Does the 2-Step Challenge have a time limit?
FTMO's published trading objectives do not state a hard deadline for the 2-Step path as of May 2026. Community references often cite 30 days for Phase 1 and 60 days for Phase 2 as typical windows. The evaluation does not fail by time; it fails only by breaching a loss rule.
How does the 1-Step compare to the 2-Step?
The 1-Step has one phase (10% target, no Verification) but uses a stricter 3% daily loss limit, a trailing max loss, and the Best Day Rule. It starts at 90% profit split from day one. The 2-Step has two phases, more daily risk headroom (5% DLL), a static max loss, no Best Day Rule, and an 80% base profit split scaling to 90%. A Swing variant is only available on the 2-Step.
What profit split do you get after passing the 2-Step?
80% base profit split from your first payout. This upgrades to 90% after meeting the FTMO Scaling Plan criteria: achieving 10% net profit over a 4-month period with at least 2 completed payouts. The account size also increases by 25% at each scaling milestone.
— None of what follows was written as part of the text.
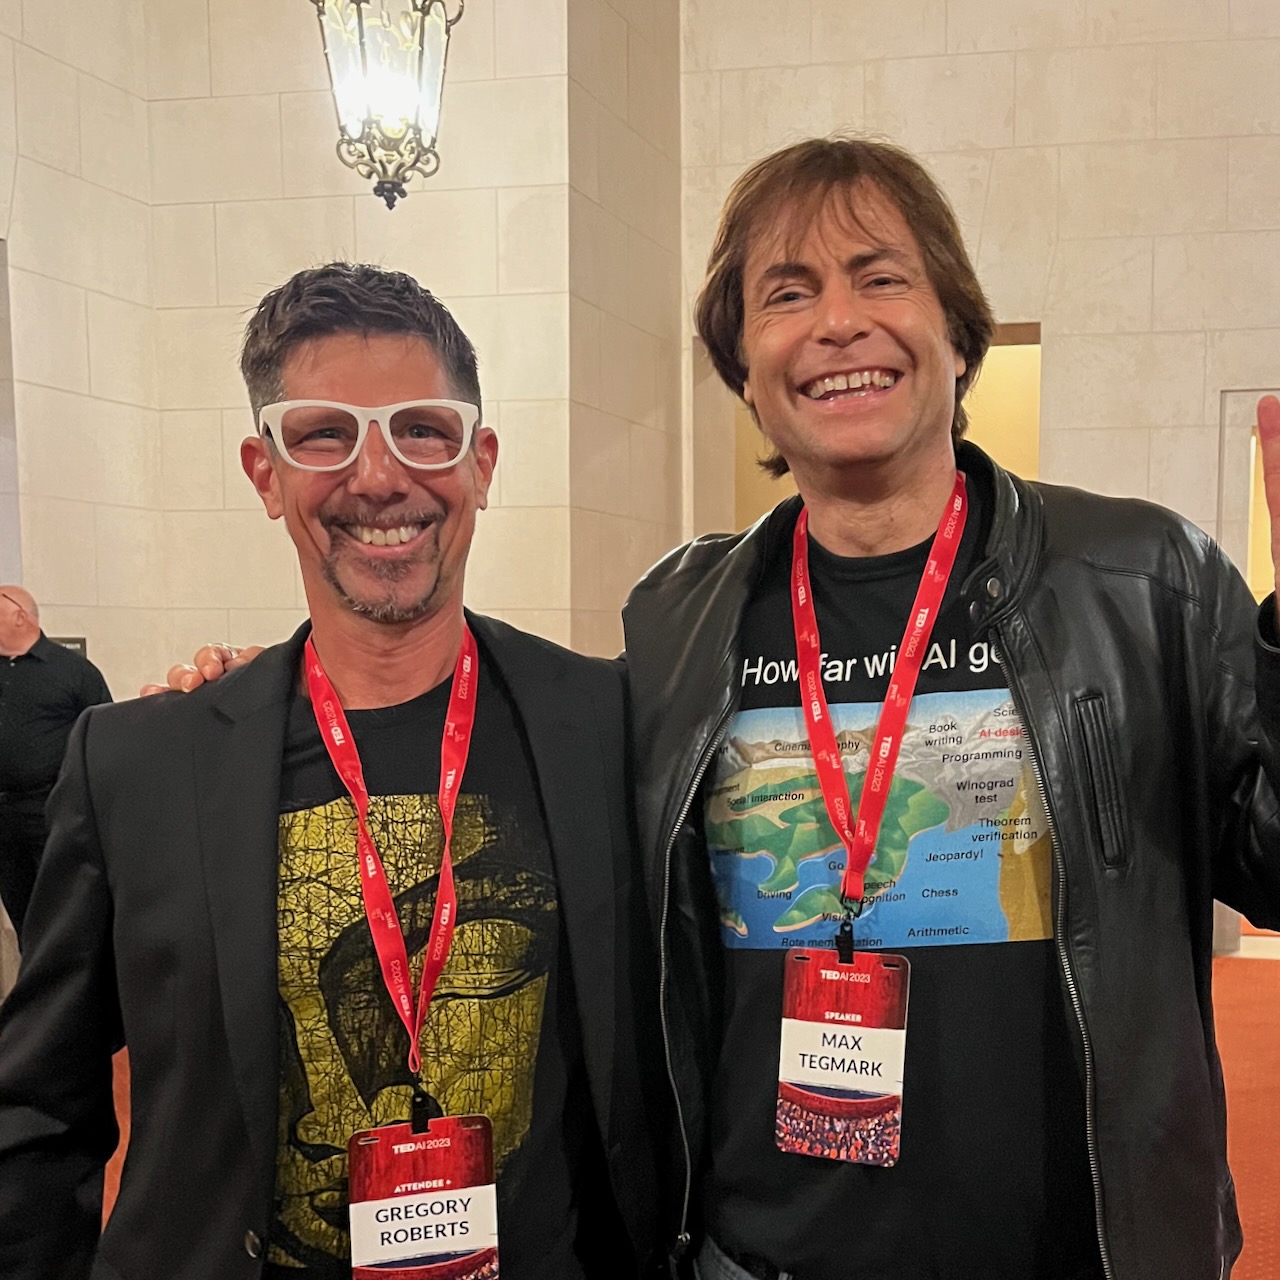 Max Tegmark FLI MIT and Gregory Roberts dSky TED-AI 2023

What happens after passing both phases?
You receive an FTMO Account (the funded stage). There is no profit target on the funded account. You trade under the same loss rules as your challenge type, payouts are available bi-weekly (average 8-hour processing), and 100% of your original challenge fee is refunded with your first reward withdrawal.
Does the Swing variant use the same Phase 1 and Phase 2 targets?
Yes. The Swing variant of the 2-Step Challenge uses identical 10%/5% profit targets and the same 5% DLL and 10% static max loss. The difference is trading flexibility: Swing allows overnight and weekend positions and removes news trading restrictions during the evaluation and on the funded account.